If you knew the cure of a deadly disease that’s killing thousands of people, don’t you want to tell everyone of this good news?
This is the standard question pastors use to encourage church members to go evangelize and make disciples. In all honesty though, this doesn’t tug at my heartstrings at all. I mean, forgive me but I just think the question is too hypothetical. In my mind, there is no way I could discover anything remotely of medicinal value. And if ever I did manage to stumble into one, I’d probably be too worried it wouldn’t work on others that I’d probably just send an anonymous letter to a famous scientist so he could make further studies on the cure.
But of course that’s just me, and I know that behind that clever question is the idea that I should go and make disciples.
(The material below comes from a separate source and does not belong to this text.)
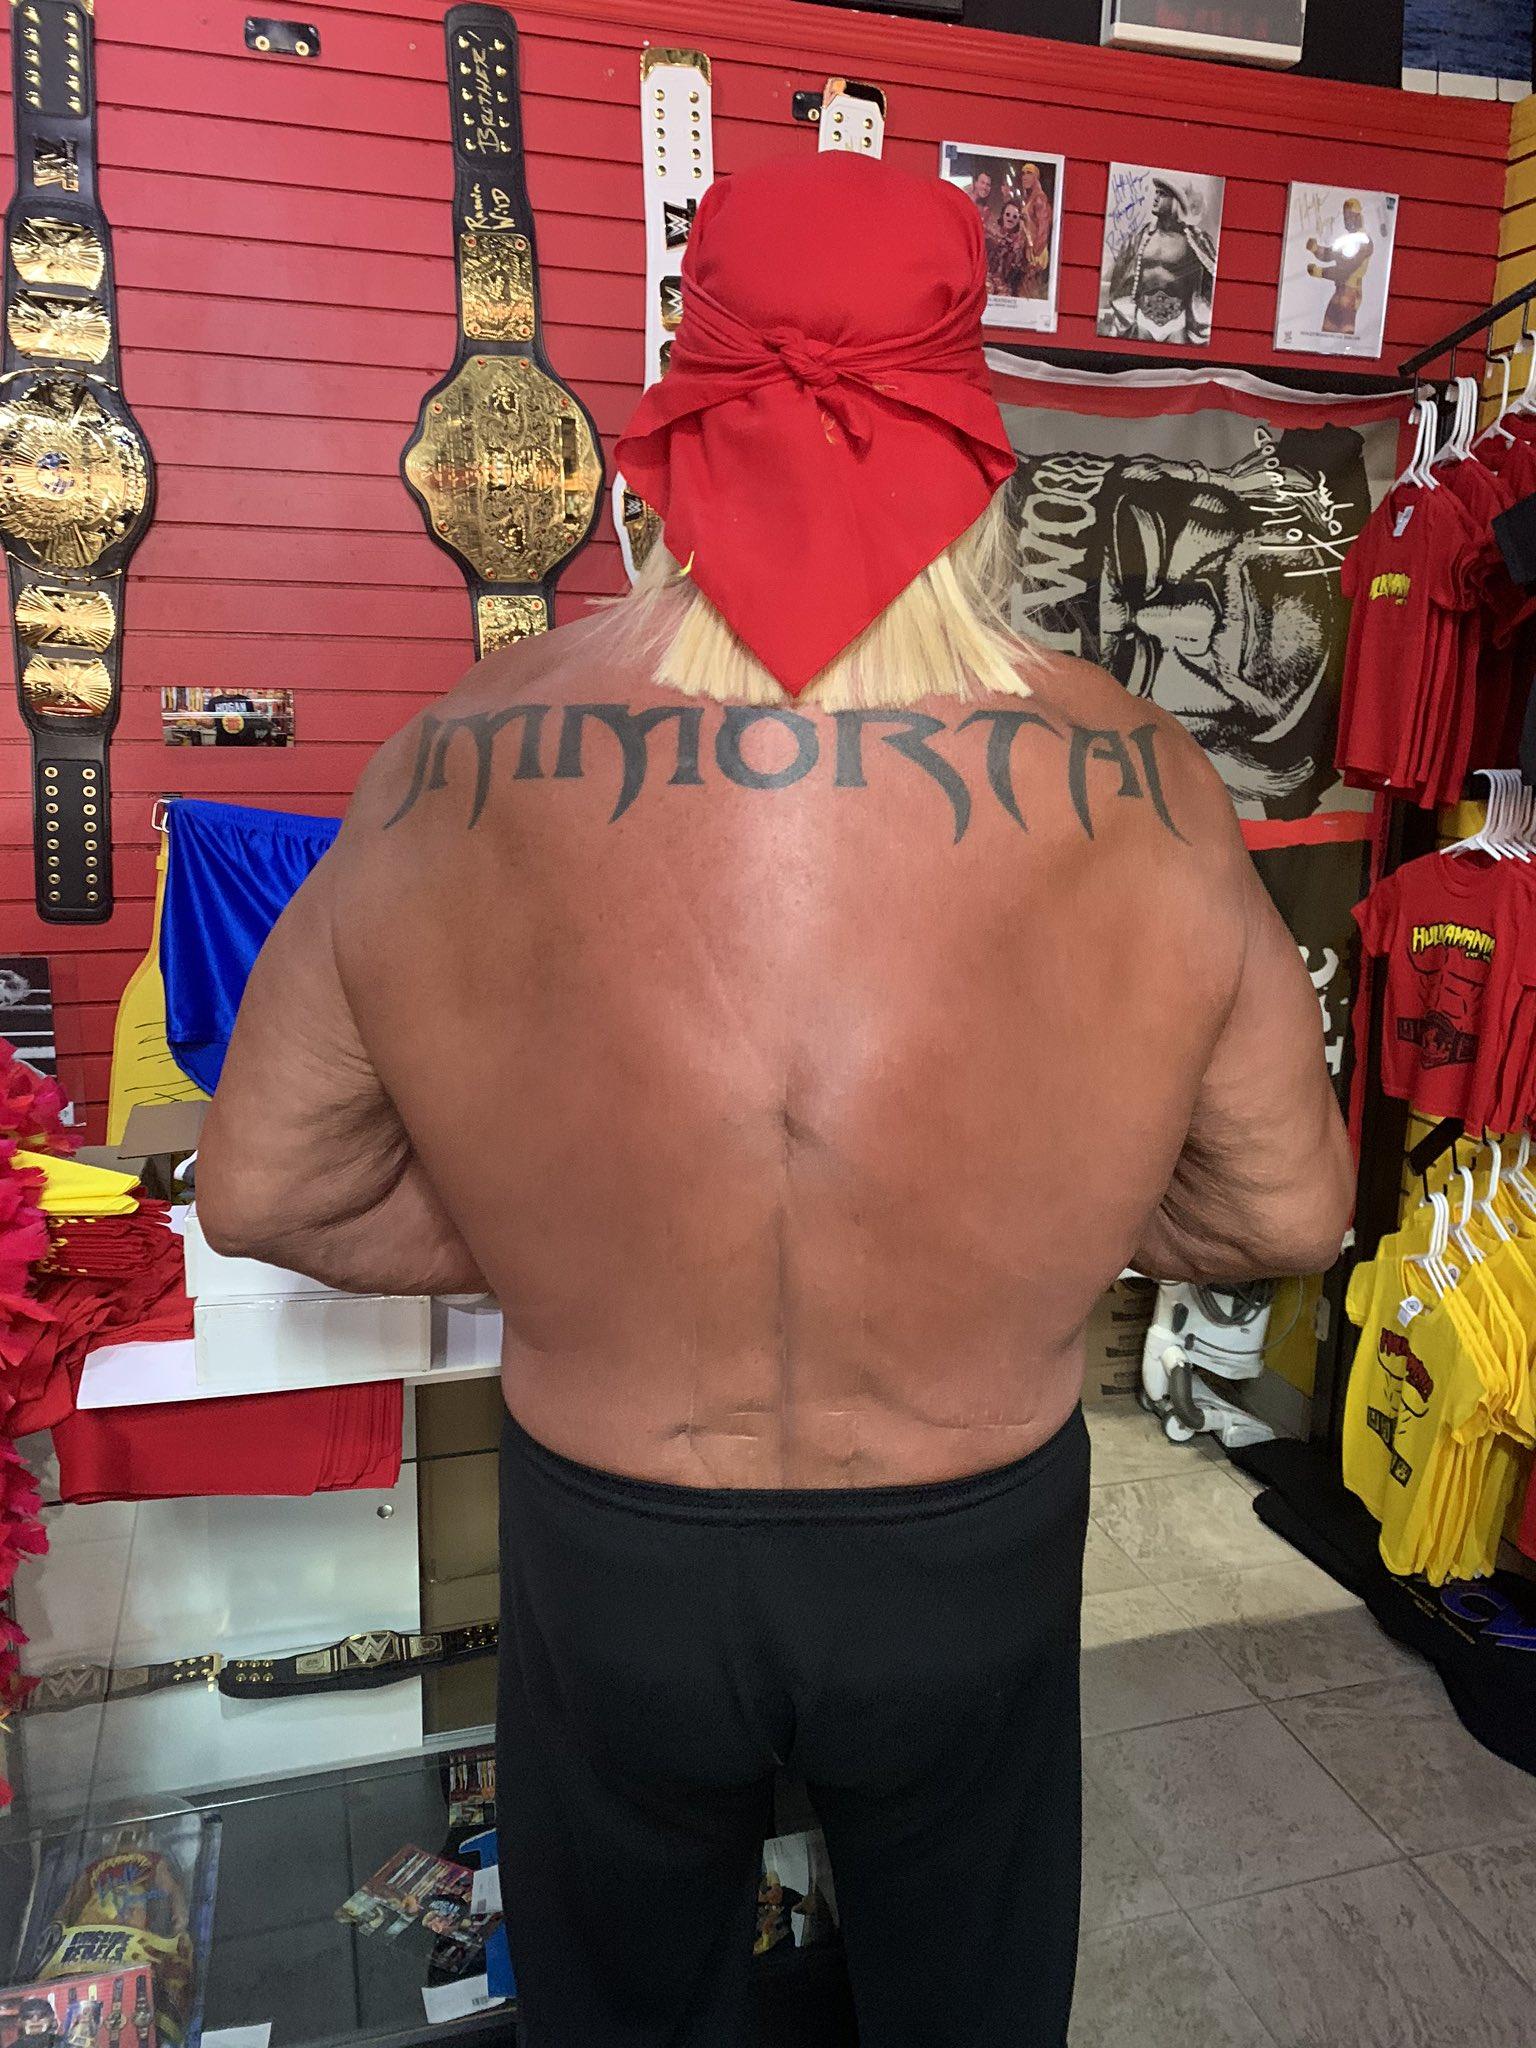 Hulk Hogan on Twitter:

Now that’s something I can wrap my head around with. Go and tell. Simple as that. It wasn’t until yesterday that my idea about discovering a cure changed dramatically.
During our small group meeting yesterday, our leader asked us about the highlights of the past week. One of the guys in the group told us how, for almost a week, his appetite was ruined by a canker sore (Filipino: singaw) that wouldn’t simply go away. Before he could even finish his litany of palate troubles, I was already at the edge of my seat. I know just exactly what he needed.
With the eagerness of a satisfied customer who is only too happy to recommend a product he found useful, I caught myself saying, “Do you know that in the Visayas, you can cure a canker sore in less than 30 seconds?” And I went on to tell the group the wonders of Canker Sore Drops, a product that was made Cebu and marketed only in selected parts of the Visayas.
When I was done singing the praises of Canker Sore Drops, I realized one thing: When it comes to canker sores, I have so much to say. I may not be a doctor but I am most certain that what I know is worth sharing. I would gladly repeat my story to the next person with a canker sore if an opportunity arises.
Coincidentally, our current sermon series was world missions- telling people of THE cure. I was surprised at the unmistakable spiritual parallel.
Whenever I encourage people to share the gospel to others, I am almost always confronted with a seemingly impossible excuse: they don’t know enough about God! “What if someone asks me about the Trinity? How am I supposed to answer that?” Most Christians like what they’re hearing in church. They love Jesus, they love church activities, but when it comes to telling others about their faith, they are too chicken to say something.
My sudden understanding of world missions and evangelism in general via Canker Sore Drops teaches one very important lesson for all believers: You DON’T HAVE TO know a lot! You don’t need a degree at Asian Theological Seminary to tell your friends about Jesus. When it comes to sharing the gospel, you only need to talk of the things that worked for you. In my case, I didn’t need to discuss the chemical composition of Canker Sore Drops or the cellular activities that happens right after I apply the liquid into my tongue. I only needed to tell my friend that after twenty seconds, I could eat normally and enjoy grilled fish with delicious “sawsawan” (vinegar, soy sauce, lemon, sliced onions, green tomatoes and red pepper).
What does this mean? It means that saying “Jesus saved me from suicidal tendencies” is far better than conducting a six-week classroom type instruction on “Understanding the Basics of Soteriology.” I mean, seriously, how many in your circle of friends know what soteriology is in the first place? Biblical teaching and systematic theology have their own places in Christian development but they certainly don’t come at the time when you are just beginning to tell the person about your experiences with Jesus.
The funny thing is that we worry about theology so much. We feel like we need to memorize the Bible first before we can tell people of the gospel. The problem is that by the time you already mastered Christian doctrines, you will have stayed within the church walls for too long that you no longer have unbelieving friends around you.